→ TASK PROMPT
Word for word, restate the lines of the data below between those holding "Couple cheering on" and "A constable leads", inclusive; pictures do not belong in the copy.

→ INPUT RECORDS

------------------------------------------------

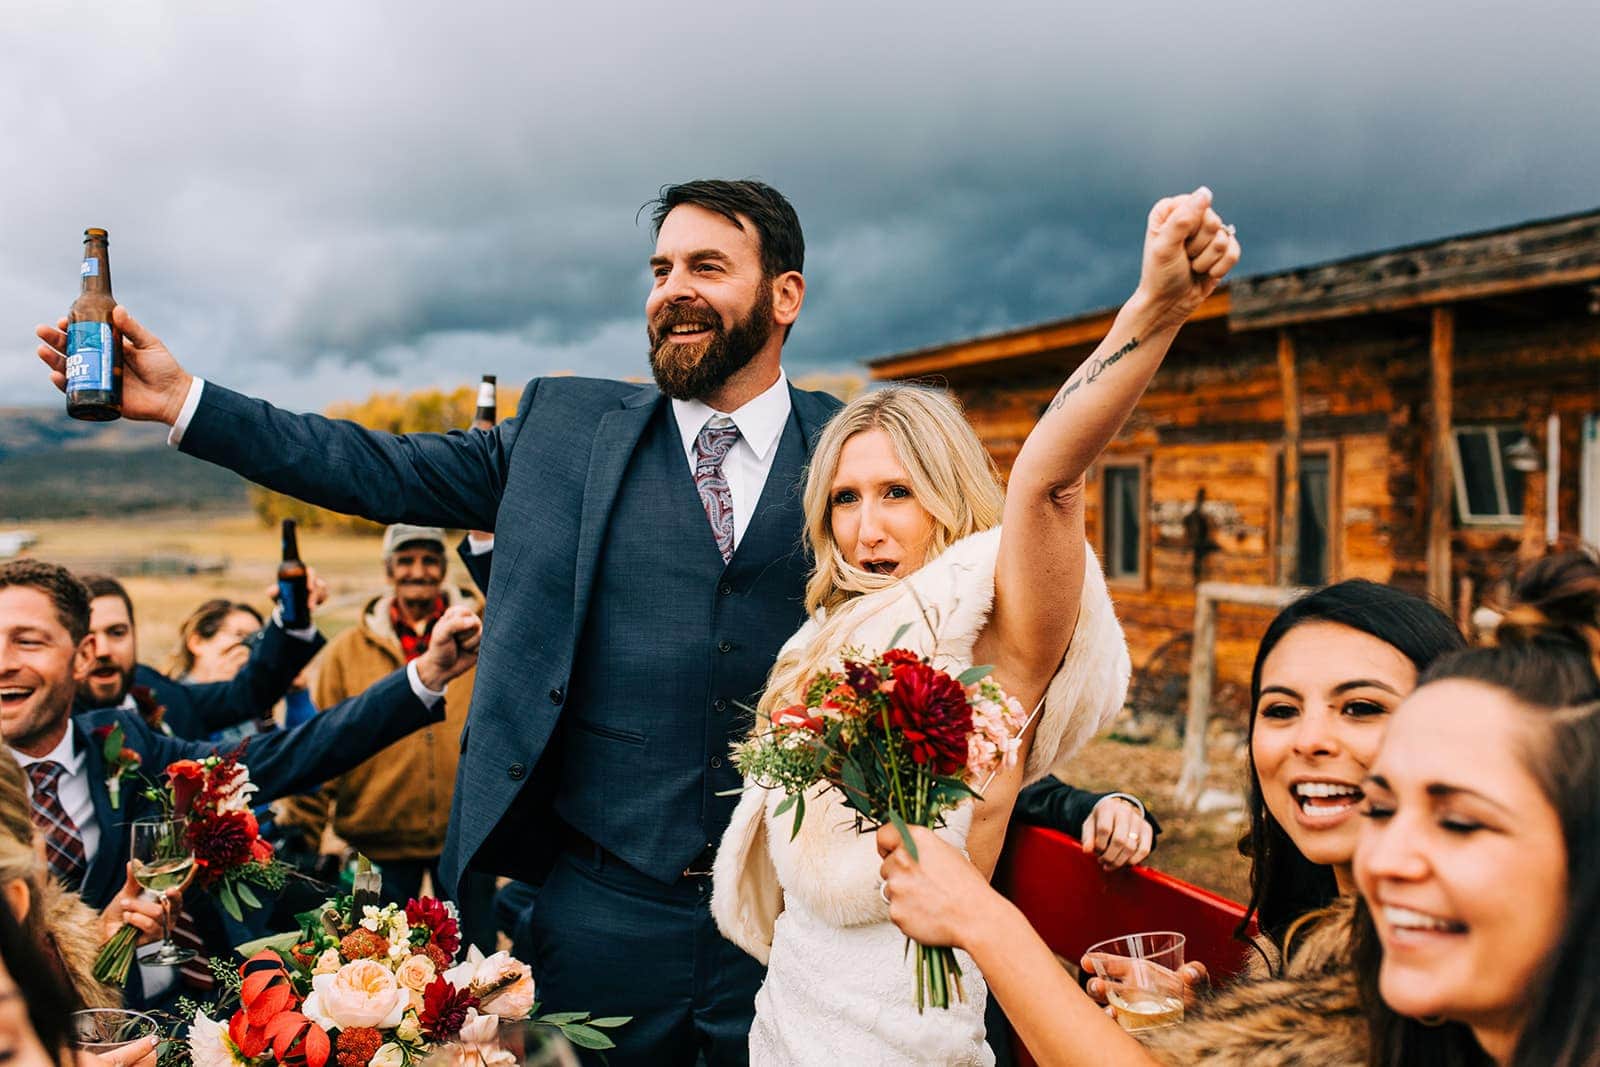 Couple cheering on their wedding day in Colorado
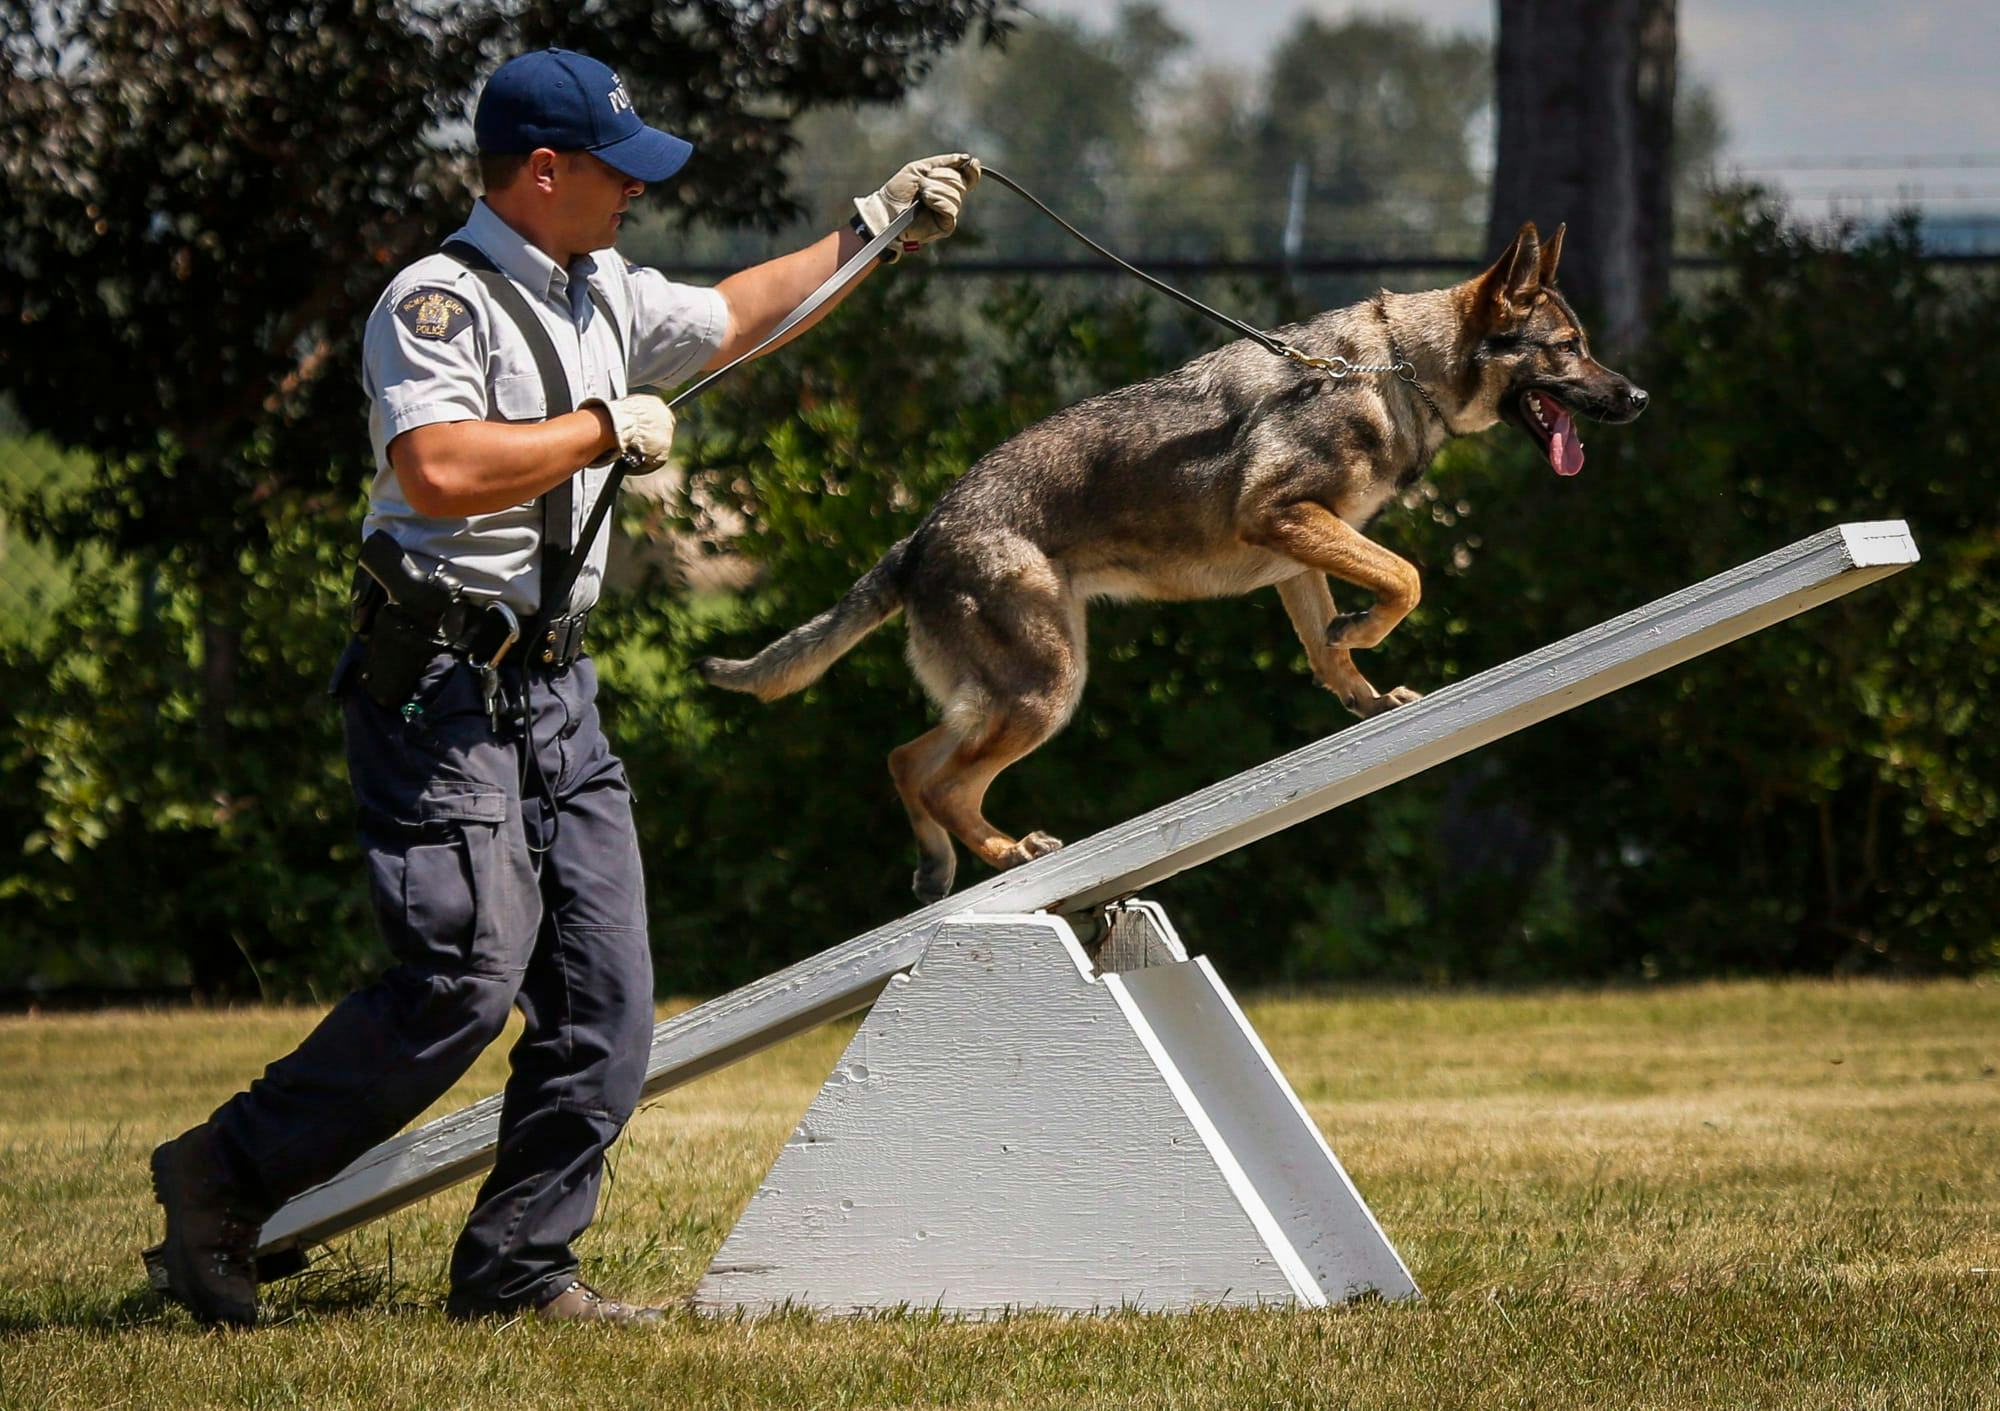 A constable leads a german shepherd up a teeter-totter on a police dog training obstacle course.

------------------------------------------------

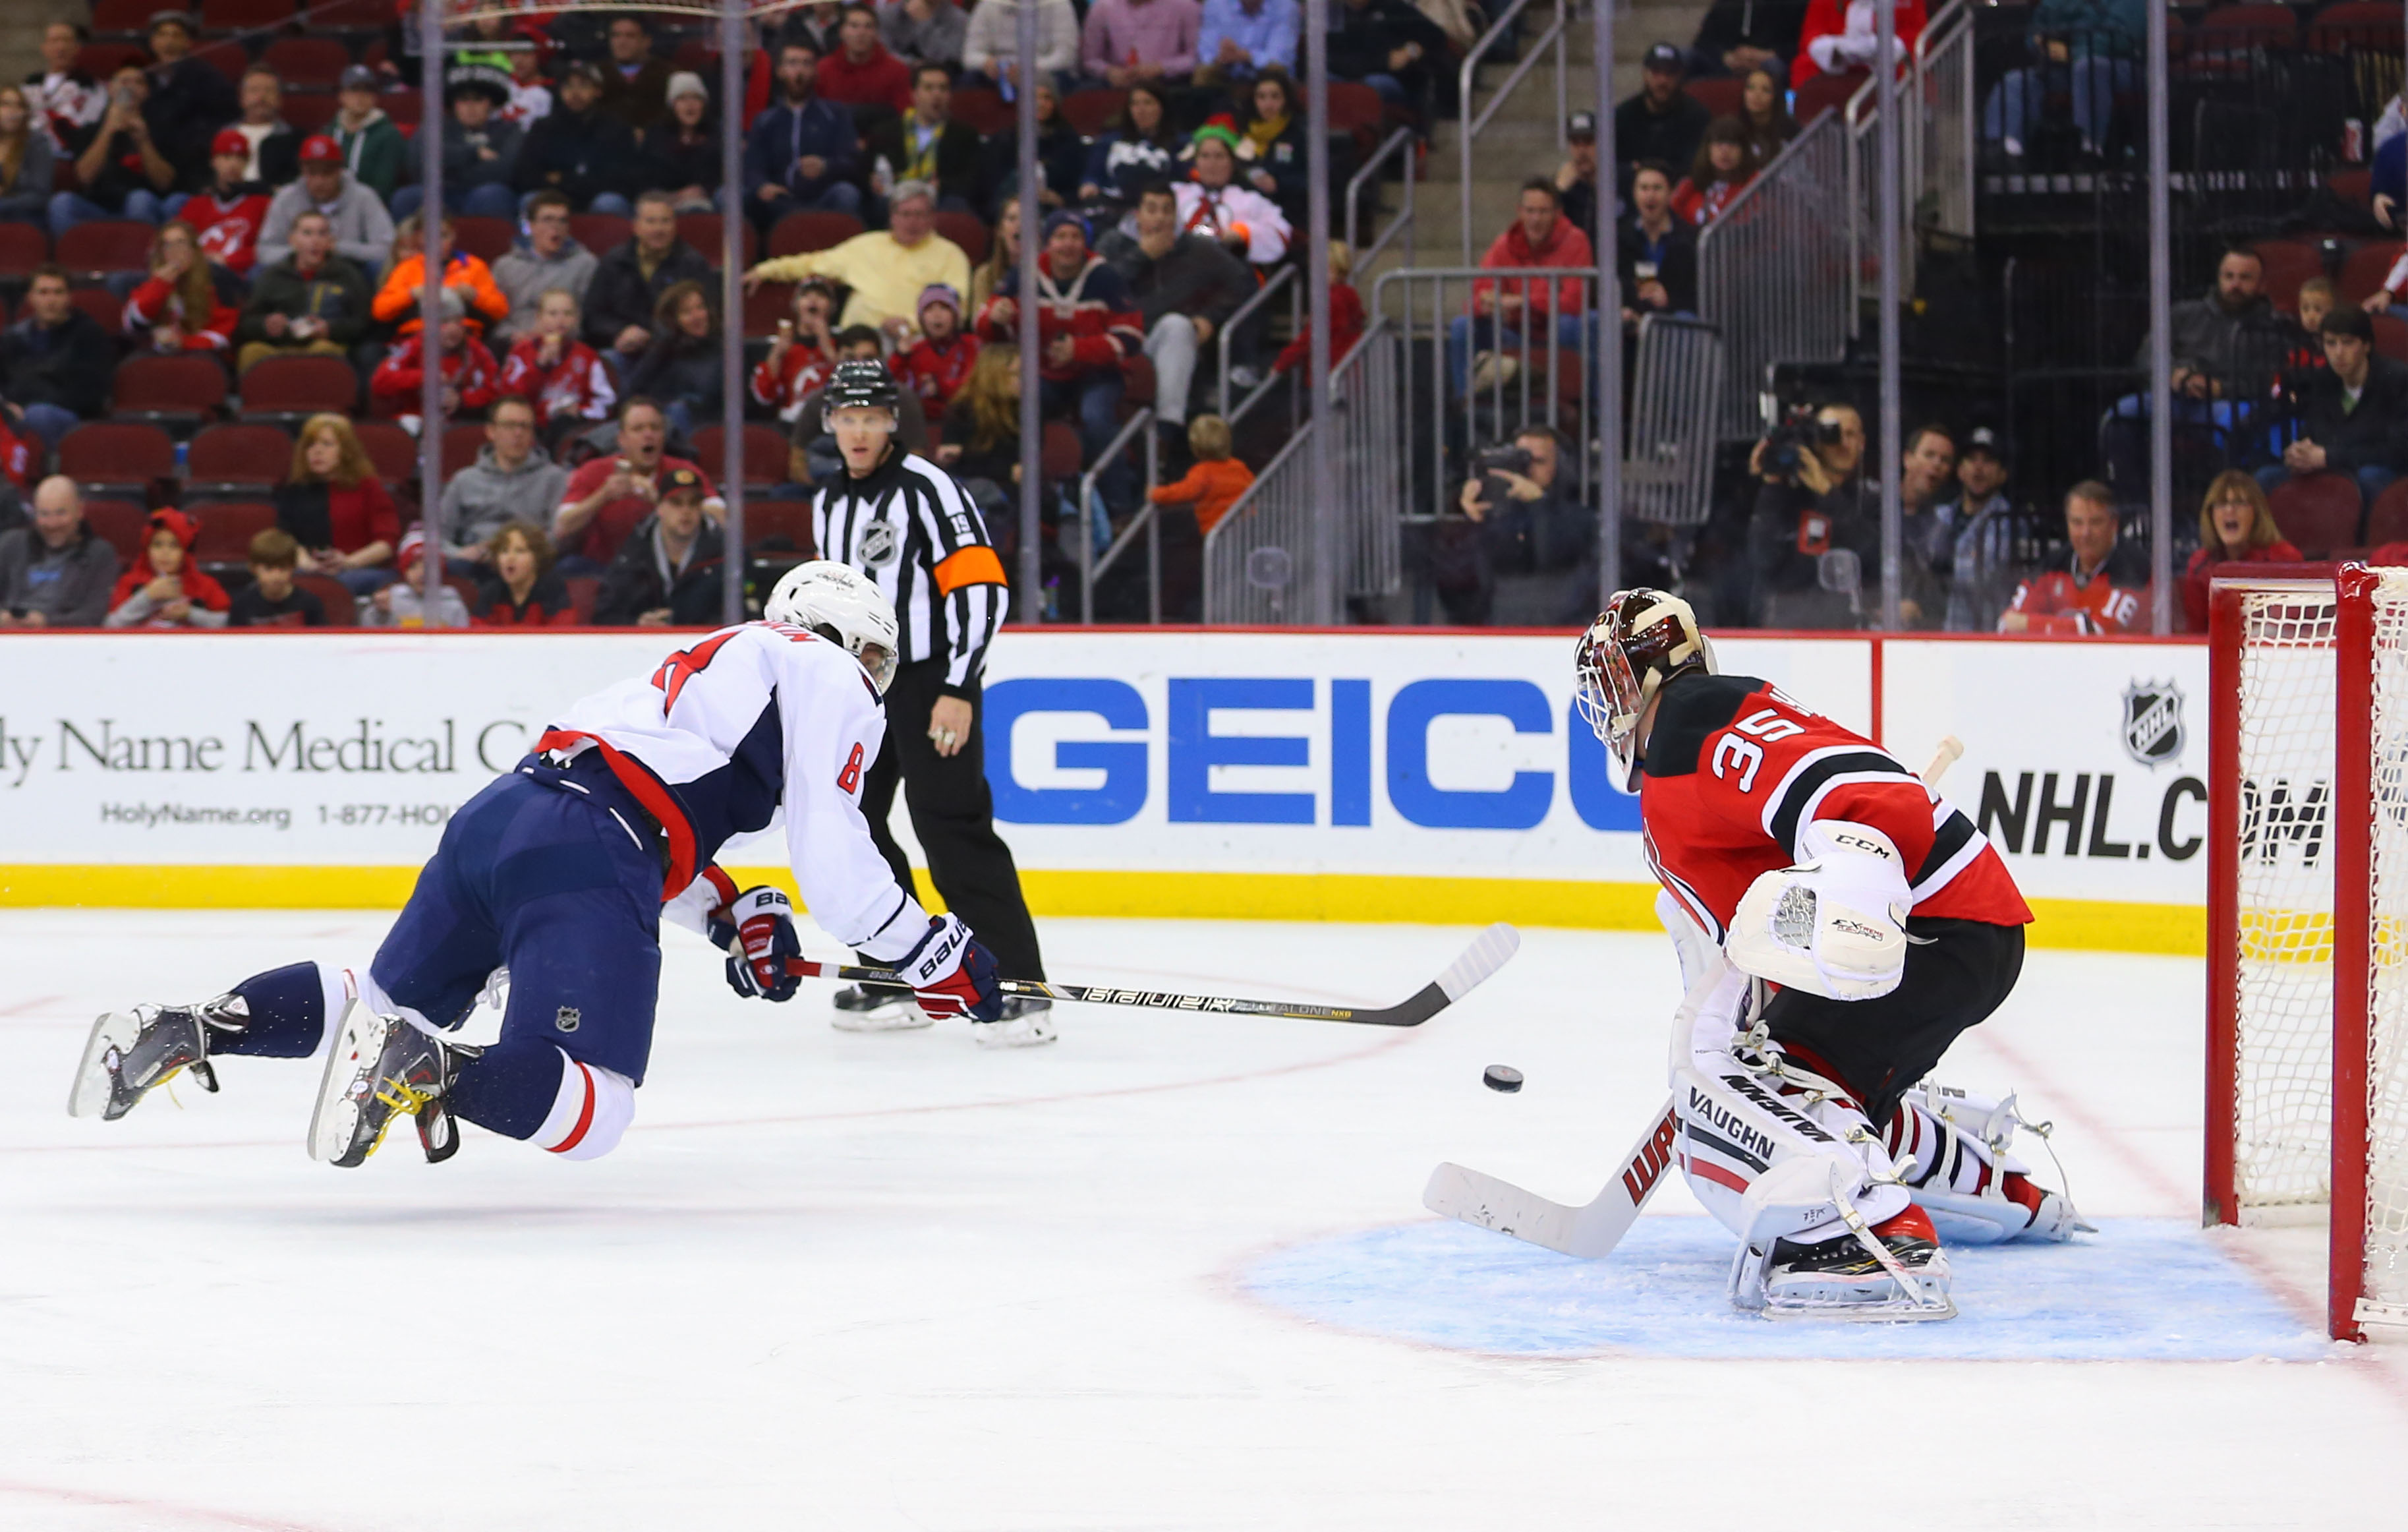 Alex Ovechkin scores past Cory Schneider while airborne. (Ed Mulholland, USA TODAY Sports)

------------------------------------------------

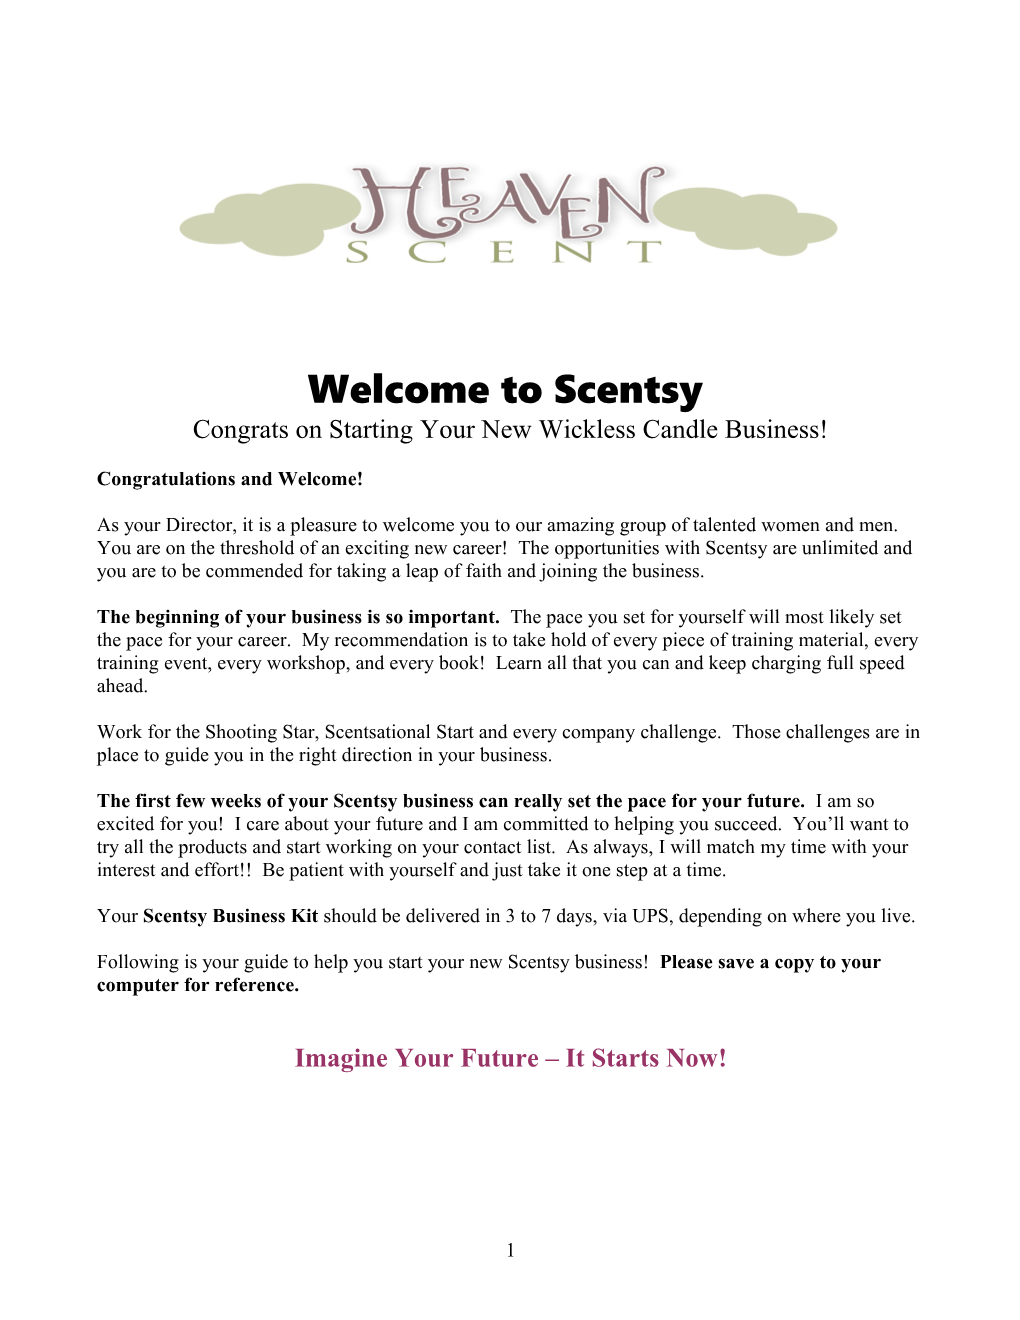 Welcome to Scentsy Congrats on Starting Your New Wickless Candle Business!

------------------------------------------------

→ EXERCISE OUTPUT
 Couple cheering on their wedding day in Colorado
 A constable leads a german shepherd up a teeter-totter on a police dog training obstacle course.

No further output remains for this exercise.